At the time, Stere and Ibrăileanu began mentioning the Poporanist or "democratic peasantist" trend as a small but representative faction of the PNL.[117] Such attitudes caused further tensions inside his party: Henri Sanielevici, himself a former socialist National Liberal, commented that "[Stere] seeks to strengthen himself through and inside the Liberal Party and break with it only when he will become strong enough";[118] at a time when Brătianu was thought to be considering Stere for a cabinet position, the right-wing section of the PNL expressed its opposition and took steps to marginalize him (a catalysis for this attitude was the clash between the PNL and România Muncitoare affiliates, caused by the expulsion of the socialist activist Christian Rakovsky, together with promises made by Brătianu that his party would not push for land reform and universal suffrage).[119] Largely absent from the political scene during 1909-1910, Constantin Stere nevertheless aided the PNL, fallen from power in December 1910, to reach an agreement with the Conservative-Democrats over opposition to the Petre P. Carp cabinet, by improving his relations with Alexandru Bădărău.[120]

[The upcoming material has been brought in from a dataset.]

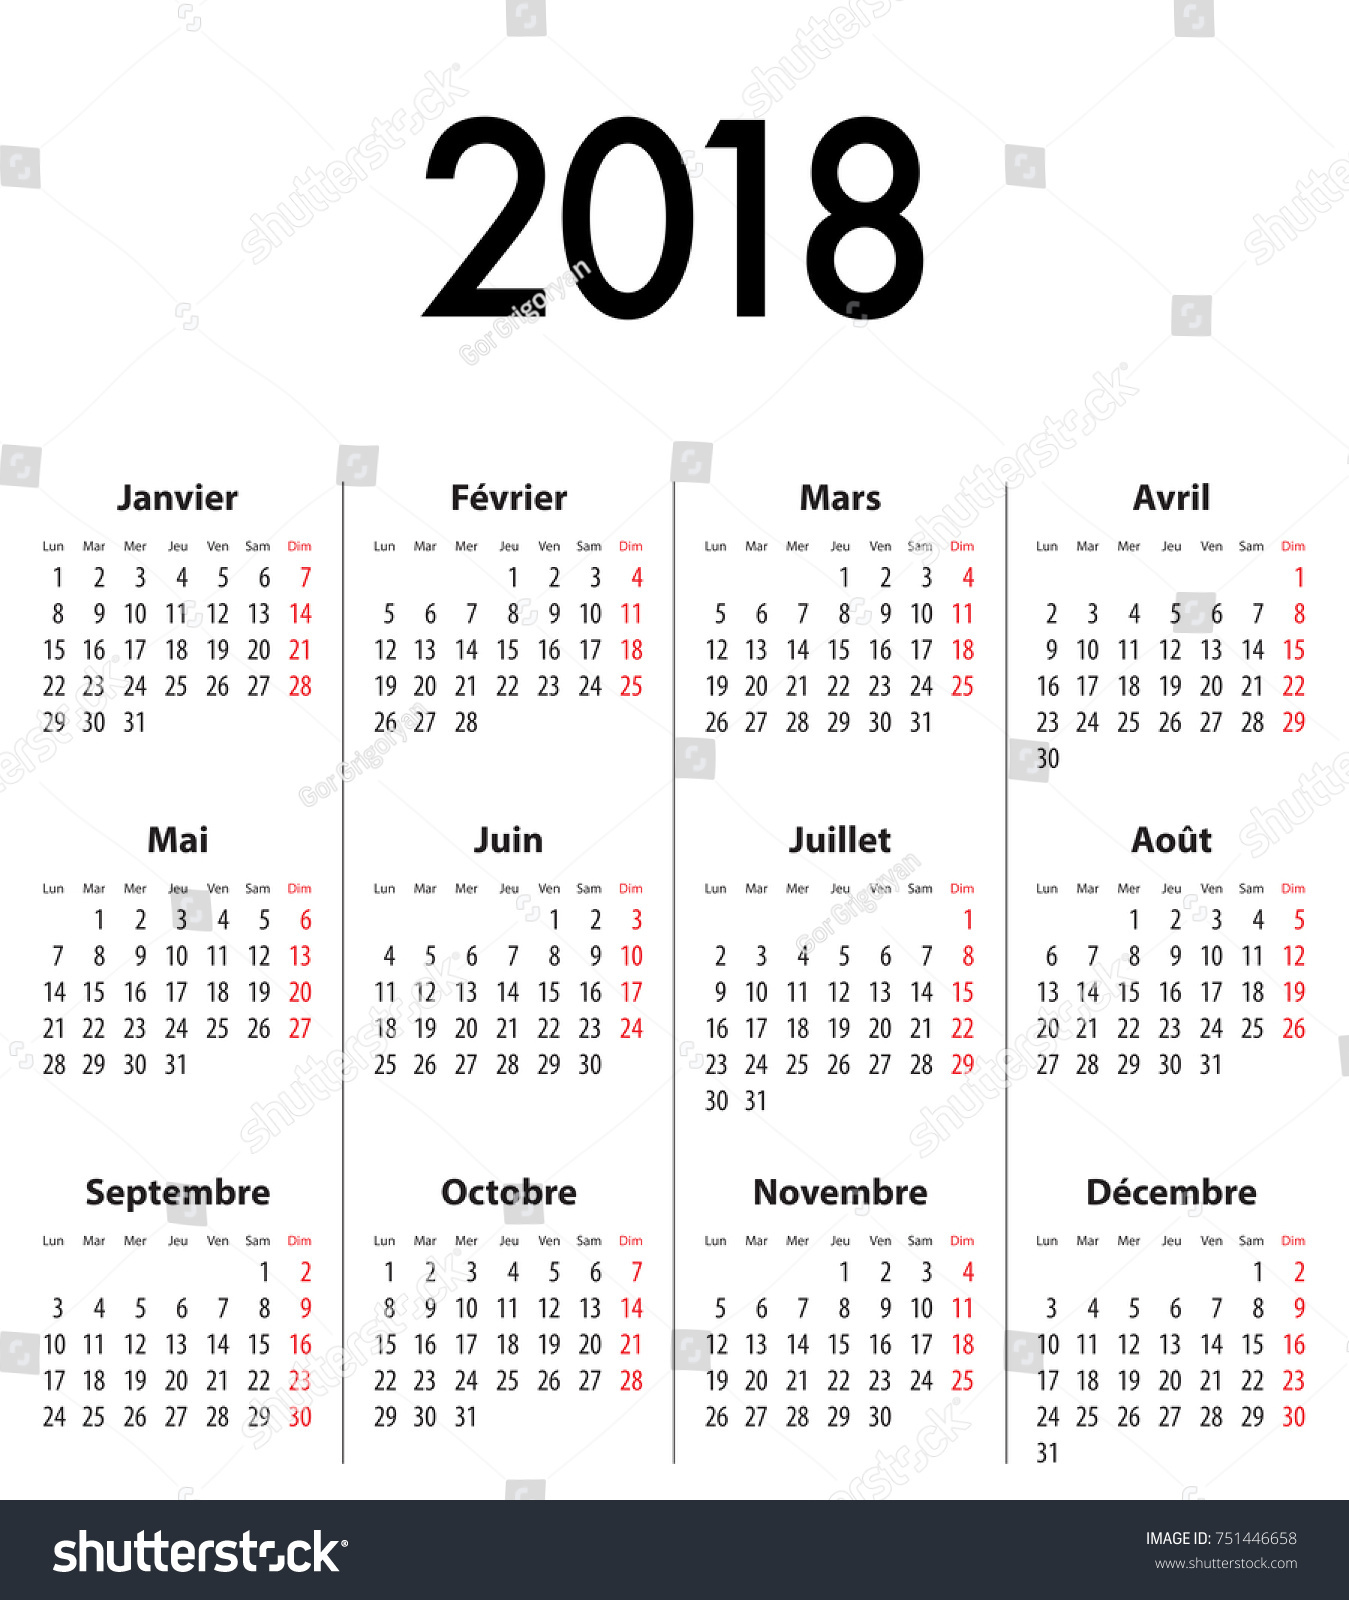 french calendar grid for 2018 best for calendar print business web design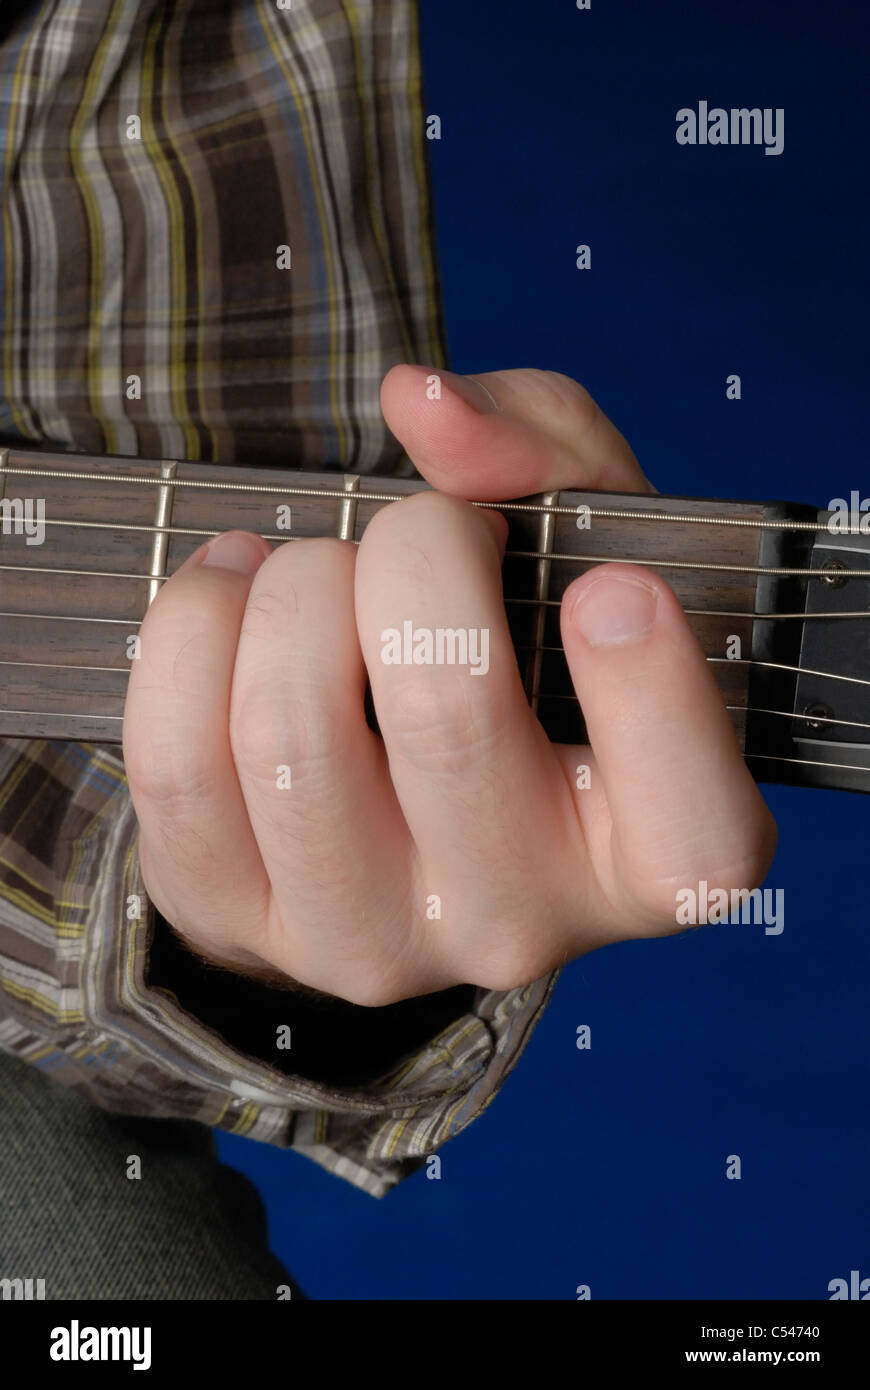 E Minor Guitar Chord Stock Photos E Minor Guitar Chord Stock

In his 1910 Neo-Serfdom (A Social and Economic Study of Our Land Issue), Dobrogeanu-Gherea viewed the relation between left-leaning cultural circles in Romania and Stere's Narodnik focus as conjectural, and made mention of competing trends inside Poporanism:

"[There is] the Poporanism established in this country around 15 years after [the Narodnik original] and from the very same source. Lacking the rigorous method of Marxism, [...] Poporanism appears to have being against Social Democracy as its sole attribute [...].
[There is also] our national, Romanian, Poporanism, as it has originated from the different and real circumstances of our country. [It] is more practical than theoretical, and does not in fact have its own theory. Mr. Stere's effort to award it one was not at all successful. But this Poporanism has its own views and attitudes and — what's more important — its own praxis. And to this real praxis, influencing the real course of things in this country, all kinds of Poporanists have associated themselves in one way or another, including those who are under the influence of Russian [Narodnik ideas]. But even this national Poporanism is far, very far from being uniform. This can even be seen in those multiple groupings composing it, [...] which many times quarrel with one another."[121]

The apparent heterogeneous character of Poporanism was also criticized by others, who noted that its discourse also featured nationalist rhetoric.[73] Nevertheless, PSDMR members other than Dobrogeanu-Gherea tended to refer to Viața Românească as "engaged in Sterist politics".[122] Constantin Stere had a moderate reaction to the publishing of Neo-Serfdom, briefly criticizing the arguments it brought against Poporanist politics (with Dobrogeanu-Gherea's renewed message that socialism was possible in backward countries); additional replies to the thesis came from Stere's disciple, the engineer Nicolae Profiri (among others who engaged in the debate was Dobrogeanu-Gherea's son, the future Leninist Alexandru Dobrogeanu-Gherea).[123]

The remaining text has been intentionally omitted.